More importantly is the risk of error. There’s an important principle in programming called “DRY” – or Don’t Repeat Yourself. The idea is that if you write the same code in multiple places, at some point in time you’re likely to change the code and may forget to change it in one of the locations. The same is true for data. Firstly, you might mistype the data when initially entering it. More importantly, if the data changes in the future (perhaps you change which professor is teaching a course), you might forget to update one of the rows, confusing students because they won’t know which professor is going to be their instructor!
Relational databases solve this problem by supporting multiple, related tables. In this case, we might create one table for the courses and another for the books, with a unique identifier used to “join” the tables.
You can see that, in this case, we’ve used an auto-incrementing integer for the index. That’s just a fancy way of saying that the ID for a given column starts at “1” and increases by 1 for each new record.

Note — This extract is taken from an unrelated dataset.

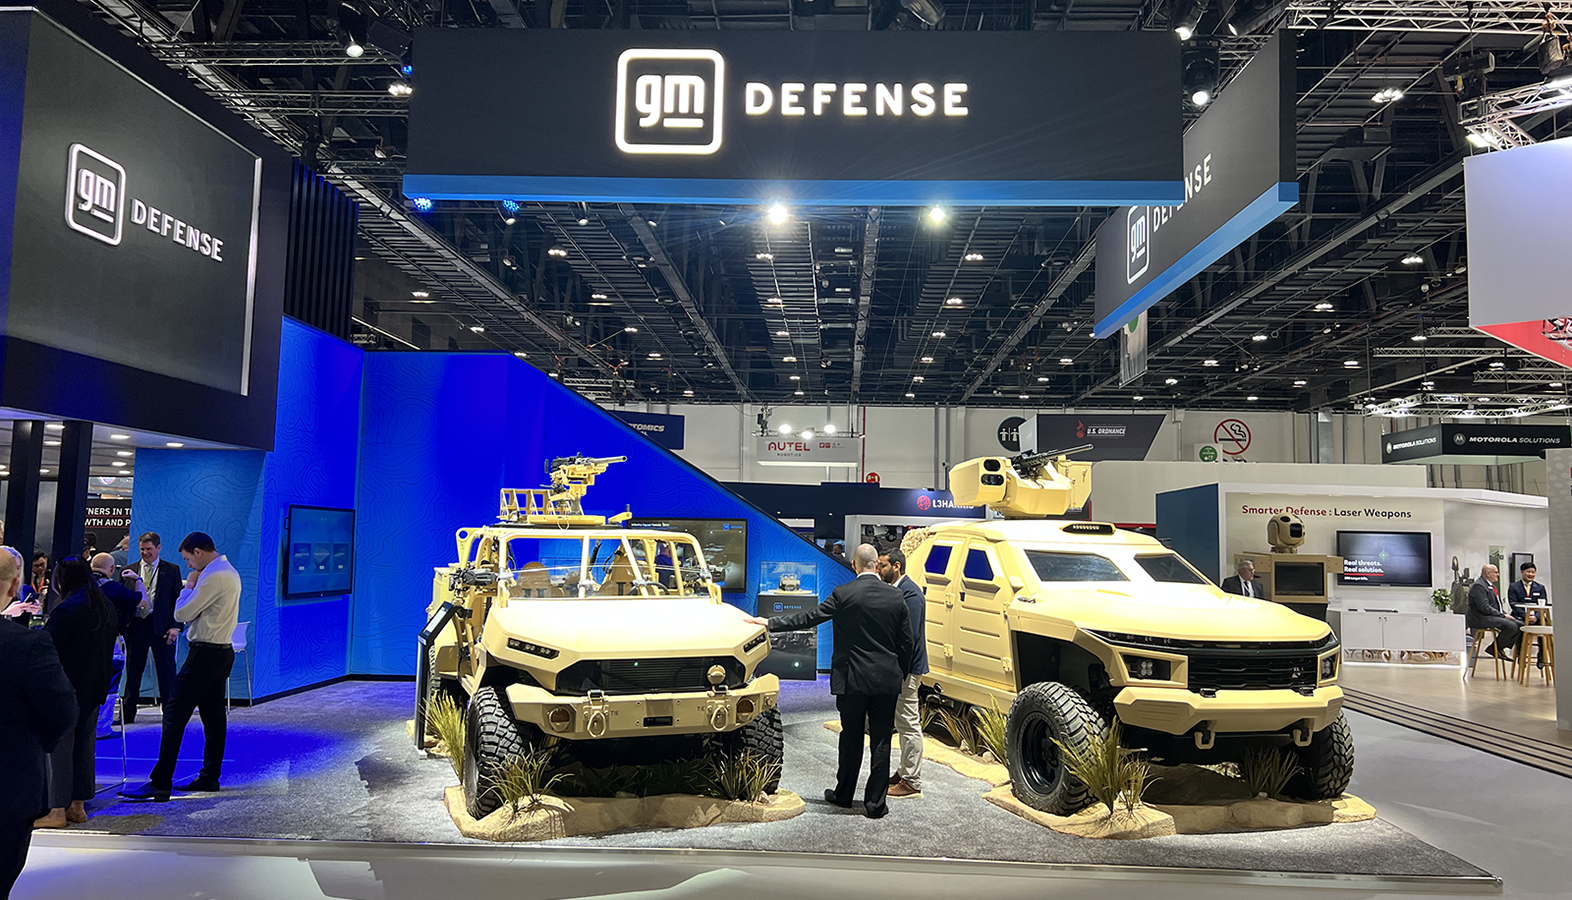 At IDEX 2023, GM Defense inks partnership 'expanding... reach' in ...

ID’s don’t need to be auto-incrementing or integers – they just need to be unique. No two rows in the same table can have the same value for their “primary key” – the field used by the database to uniquely identify rows within that table. In this case, it’s the field we’ve called
And you’ll see that in the
Books table, we have a
course_id field that relates back to the
Courses table, so the first three books can be “joined” to the course with an id of 1 – “Introduction to Ruby.” This way, if we have to update the professor associated to a course, we can do it by updating just a single row in the courses table.
And that is the heart of a relational database — using multiple “related” tables to reduce duplication.
Denormalizing a database
Just to cover an edge case that you may come across, we also need to understand how to think about denormalization of relational databases.
One challenge with reducing duplication by splitting information across related tables is that it can affect performance. In general, the more tables your data is split between, the longer it’ll take to retrieve. For most applications, that is a perfectly acceptable trade off, optimizing for the quality and consistency of your data over the speed of a given query, but sometimes such queries are just not fast enough. At that point in time, you might deliberately decide to denormalize your database a little.
For example, if I need to display the comments posted by users on a popular website, I’ll have a
comments table for storing the comments and a
users table for storing information on the people who commented. But I might also store a copy of the usernames in the comments table so that I don’t have to pay the performance penalty of joining the two tables every time I retrieve the comments.
For a high traffic site, that’s probably not a bad trade off. It will meaningfully improve the performance of a common request (display article comments), and the risk of the data getting messed up is reasonably limited as people generally don’t change their names very often!
Wrapping it up
So, to summarize, relational databases are particularly good at storing and retrieving structured data. The related tables allow you to reduce duplication and the risk of inconsistent data, and the indexes allow you to efficiently retrieve subsets of the data and/or order the data based on one or more of the “fields.”